Recorded data
= = = = = = =
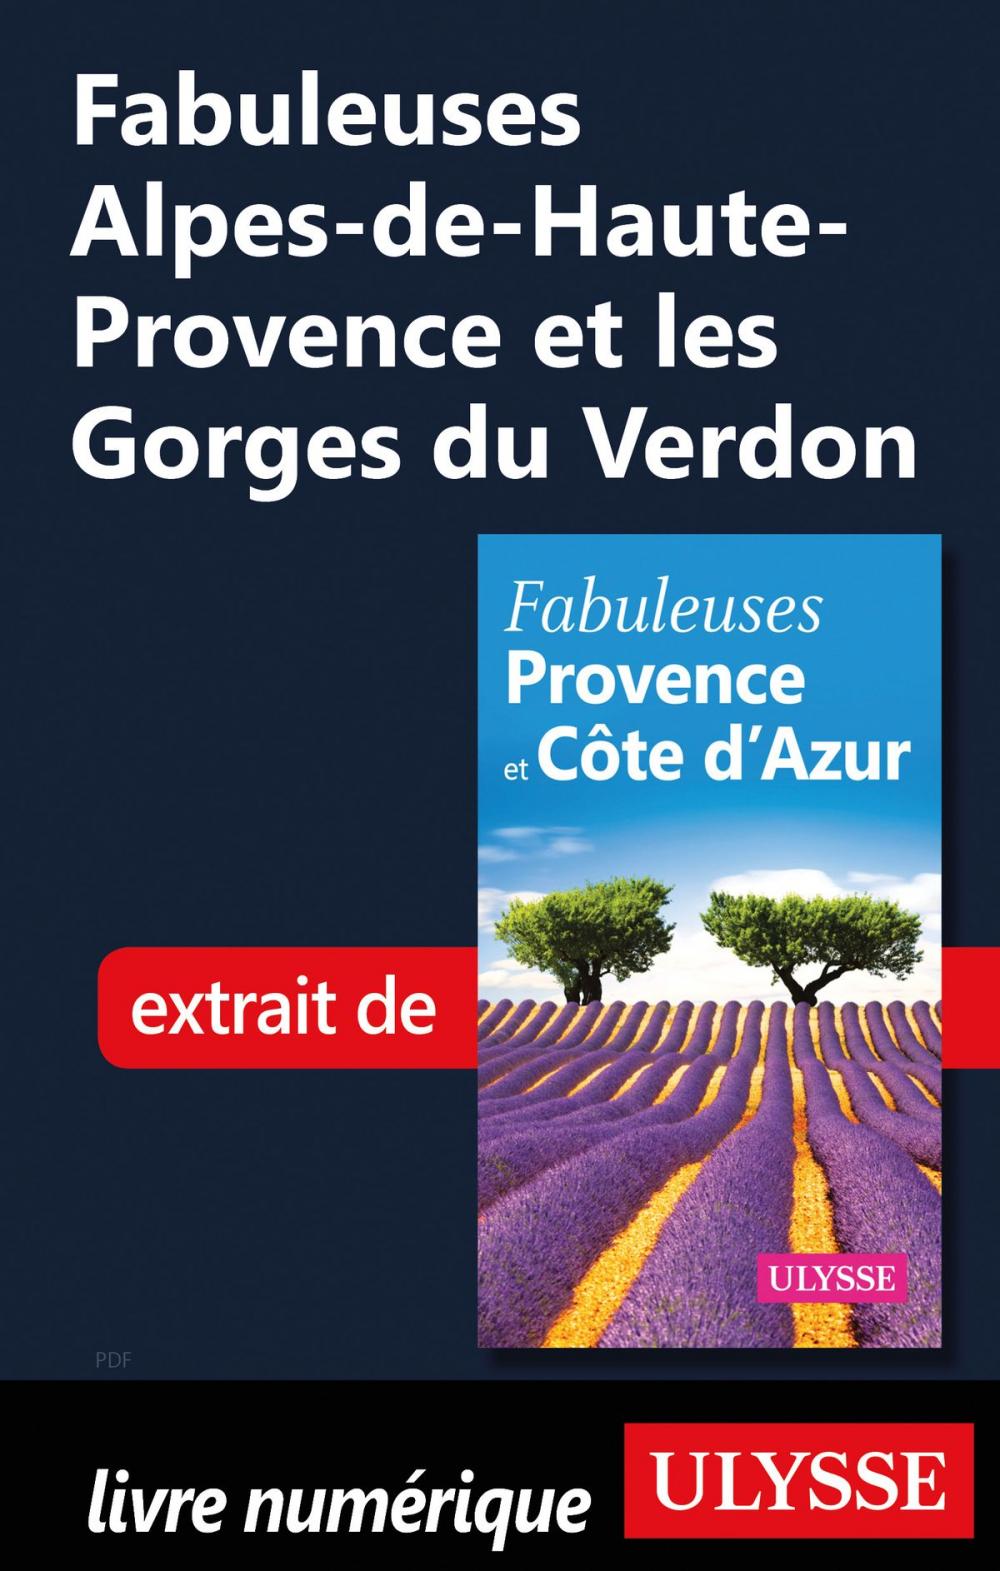 Big bigCover of Fabuleuses Alpes-de-Haute-Provence et les Gorges du Verdon
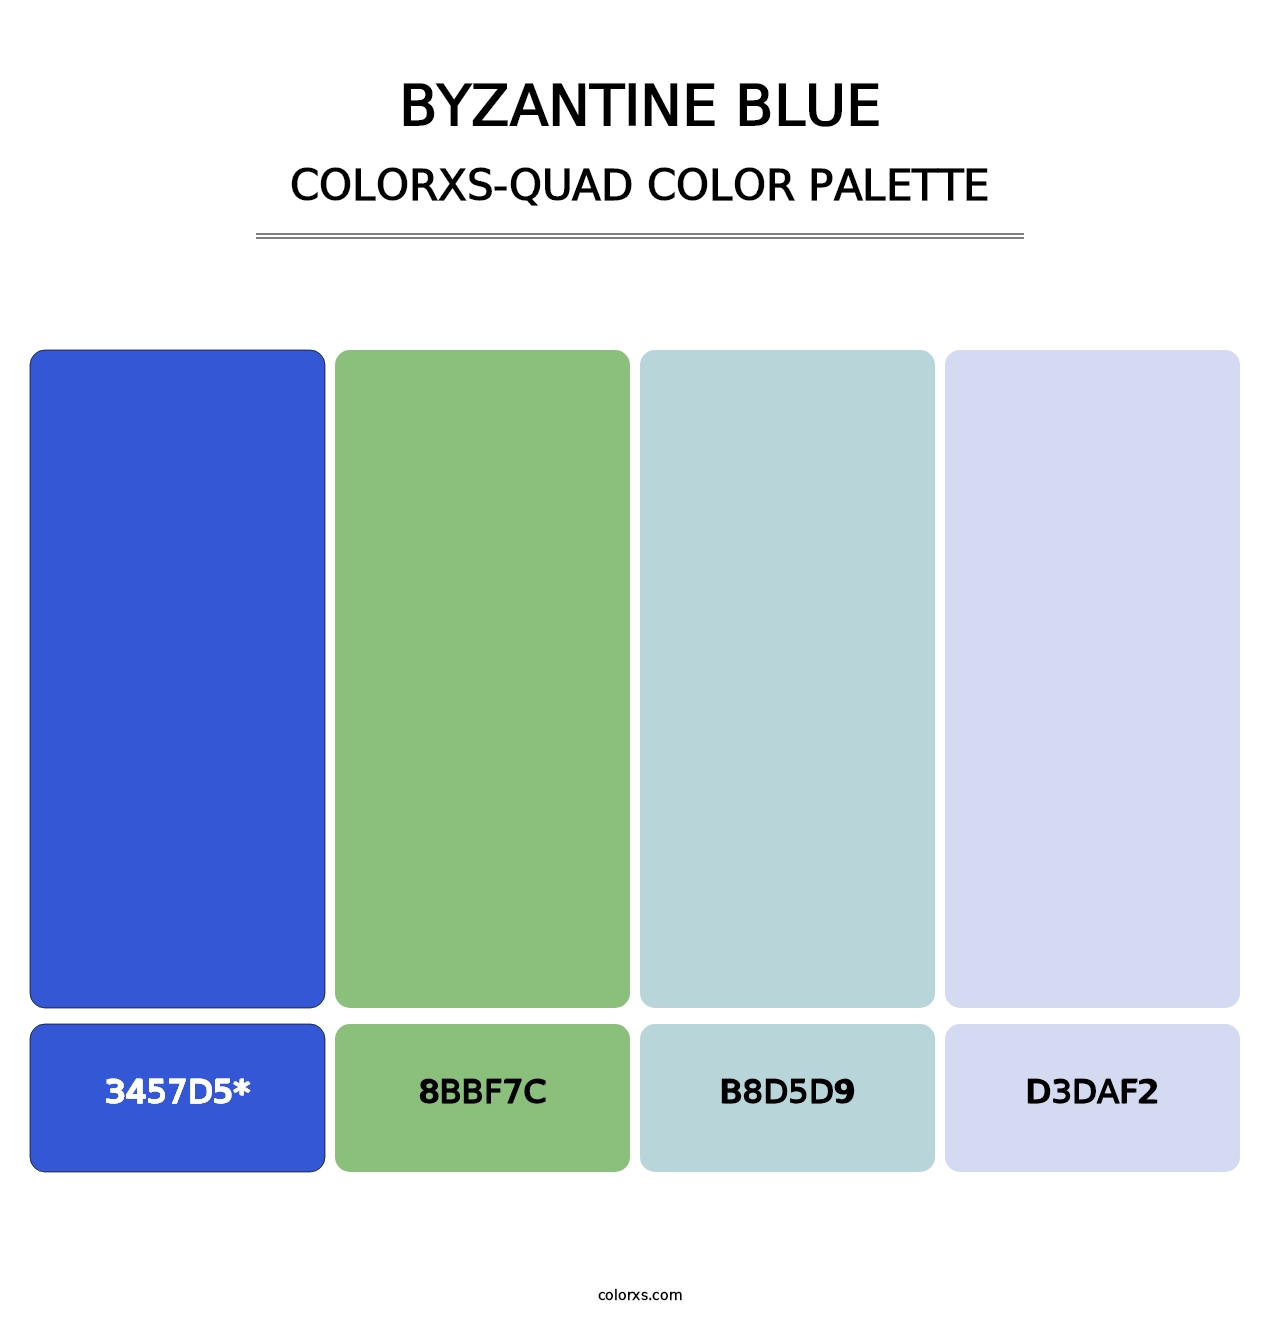 Byzantine Blue - Colorxs Quad Palette
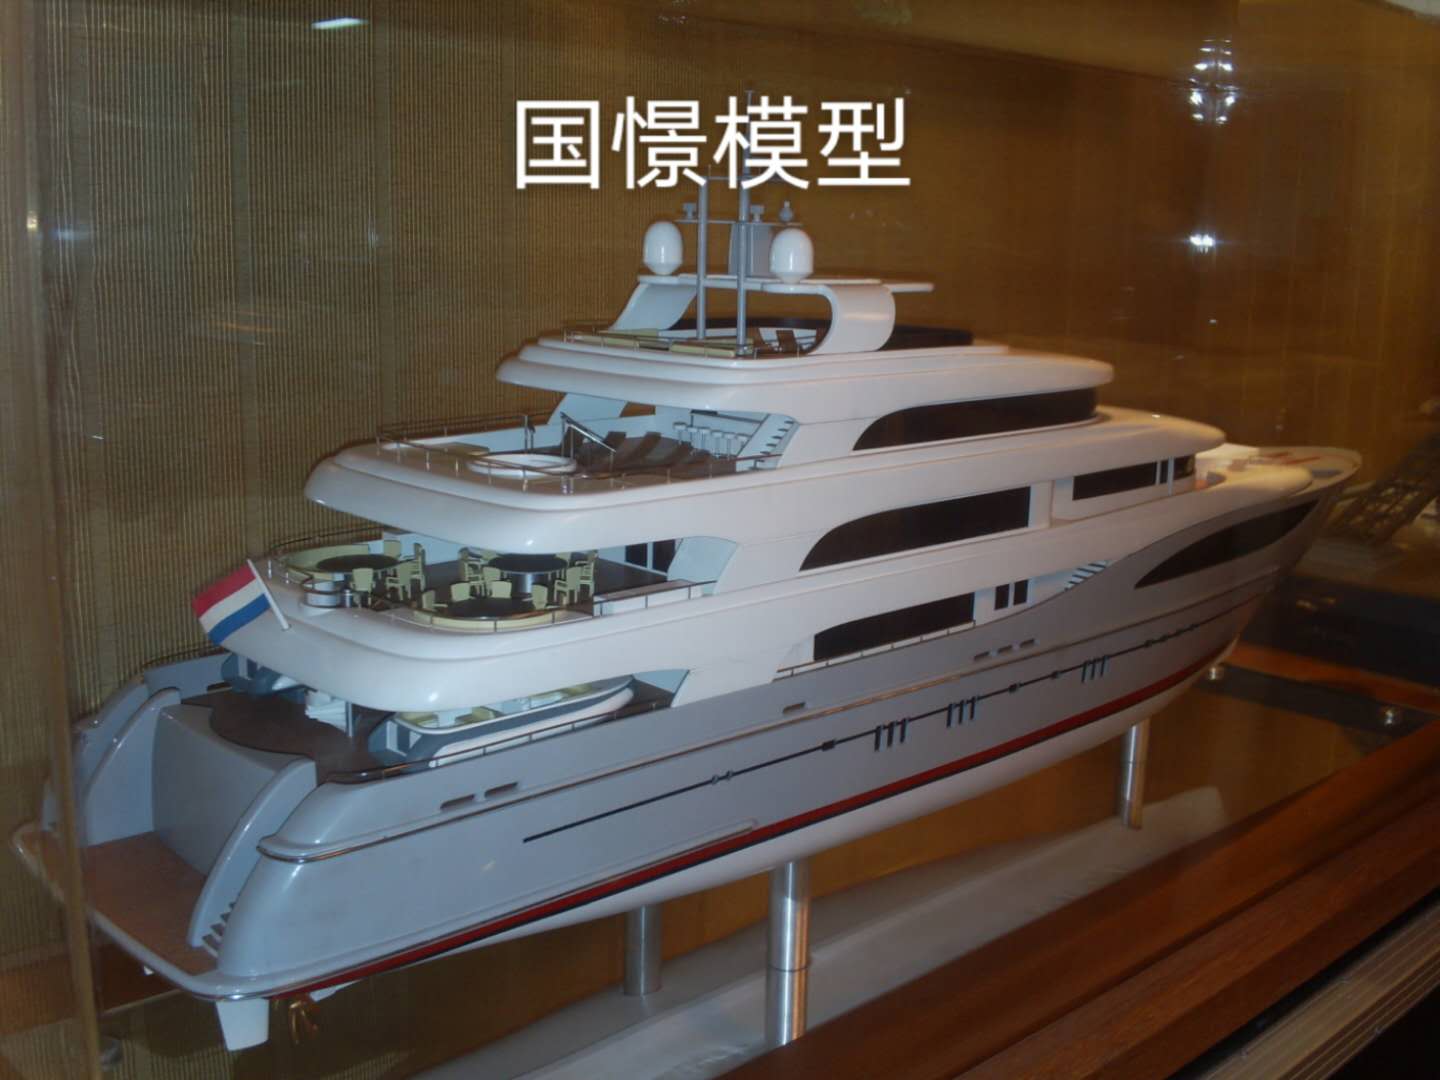 冷水江市船舶模型
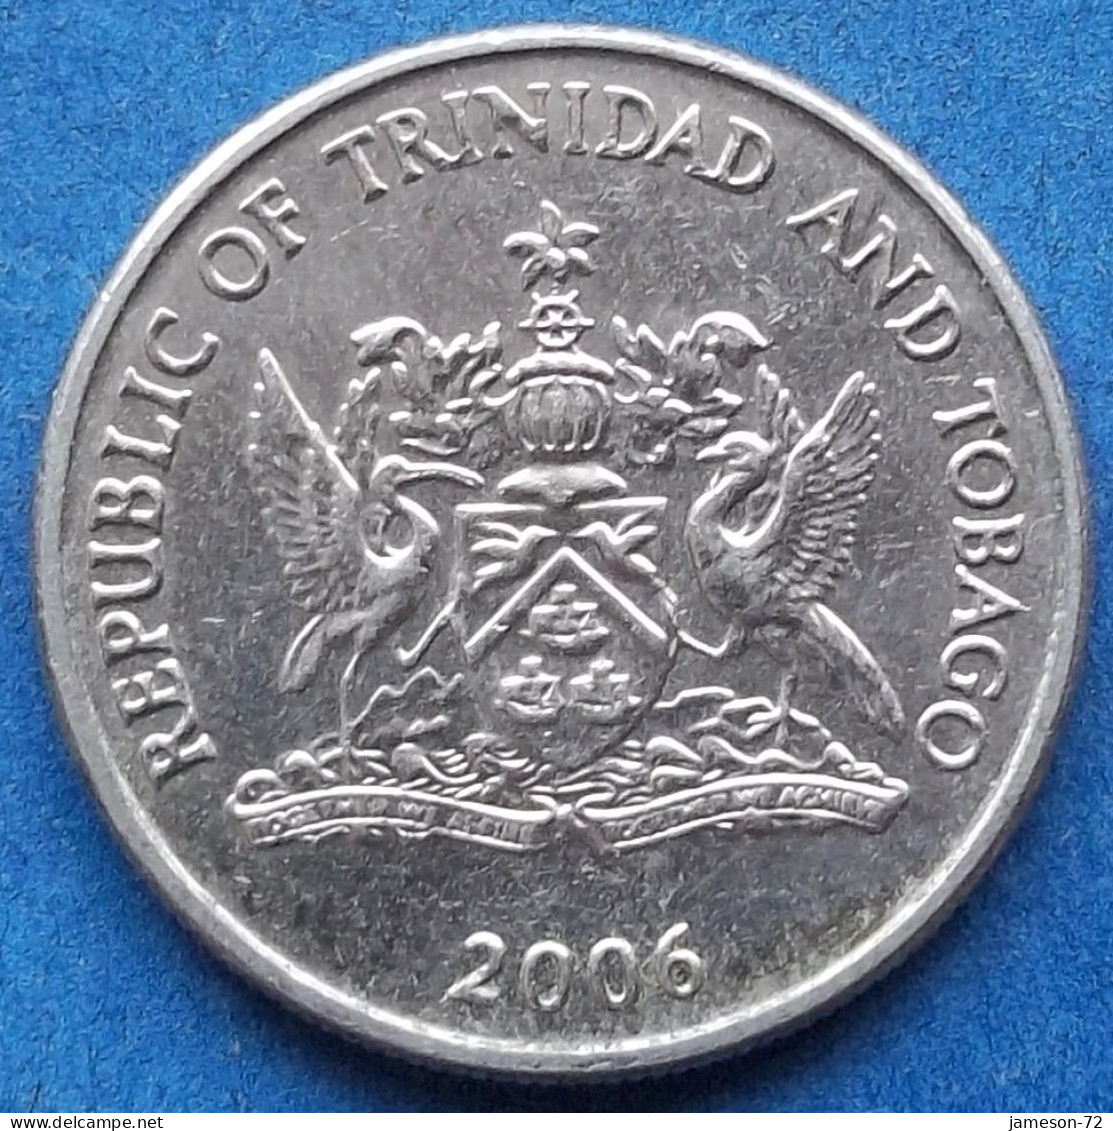 TRINIDAD & TOBAGO - 25 Cents 2006 "Chaconia" KM# 32 Republic (1976) - Edelweiss Coins - Trinidad & Tobago
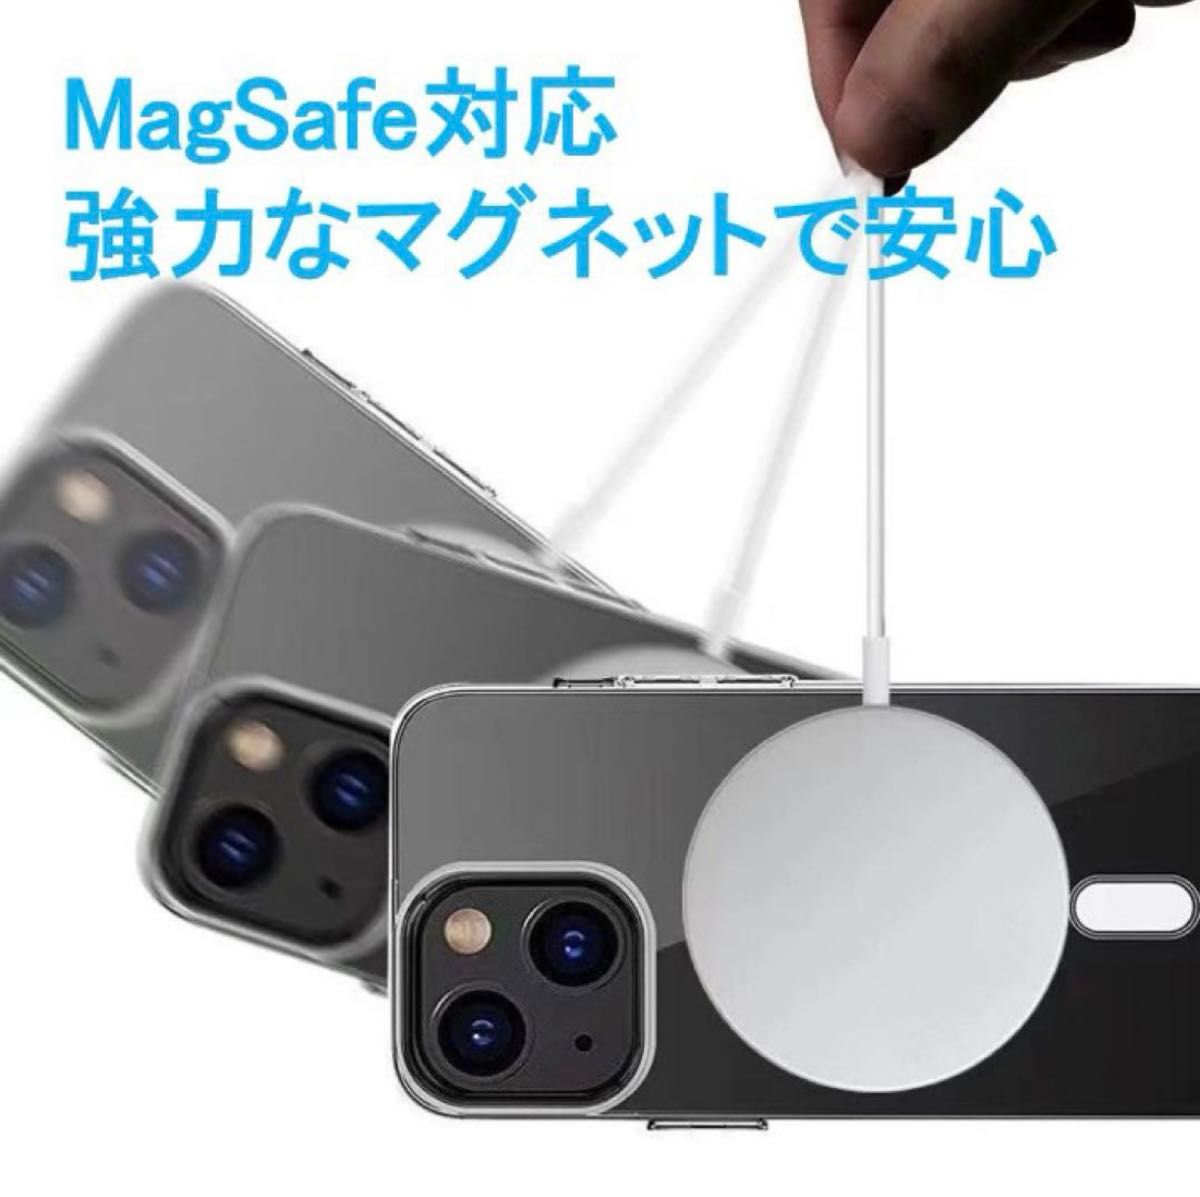 【新品即納】iPhone 15 pro クリア ケース マグセーフ対応 アイフォン アイホン Magsafe 激安 透明
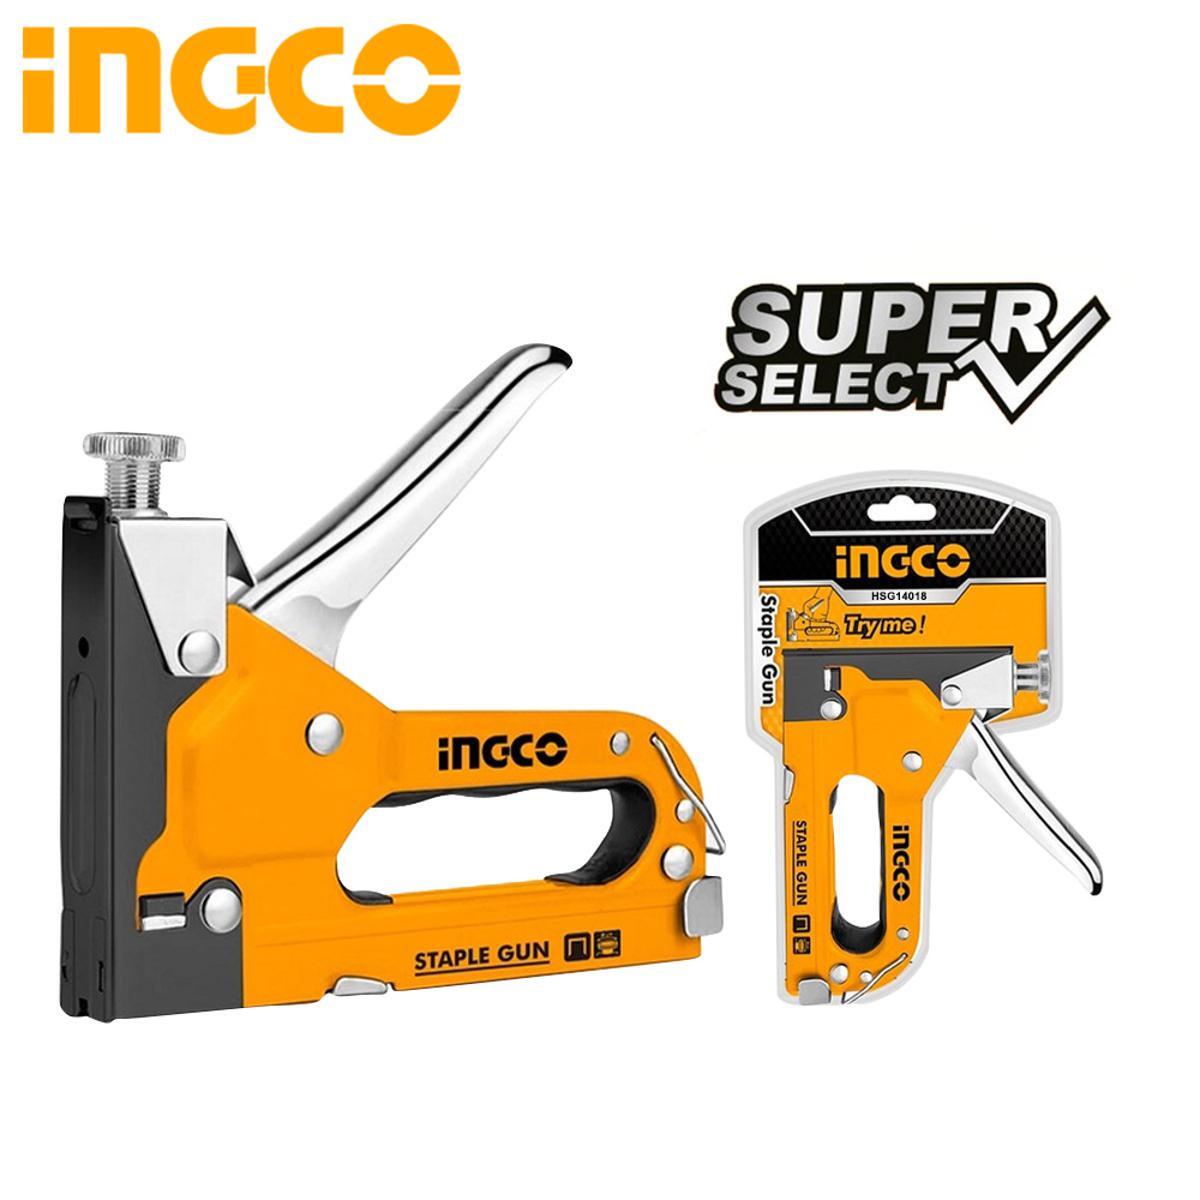 Степлер механический INGCO HSG14018
= = = = = = =
_Brief_.
Nothing but the lines from the one with "Magsafe 激安 透明" through the last line of the records should appear in your answer, each exactly as written and without pictures.

_Answer below_.
 【新品即納】iPhone 15 pro クリア ケース マグセーフ対応 アイフォン アイホン Magsafe 激安 透明
 Степлер механический INGCO HSG14018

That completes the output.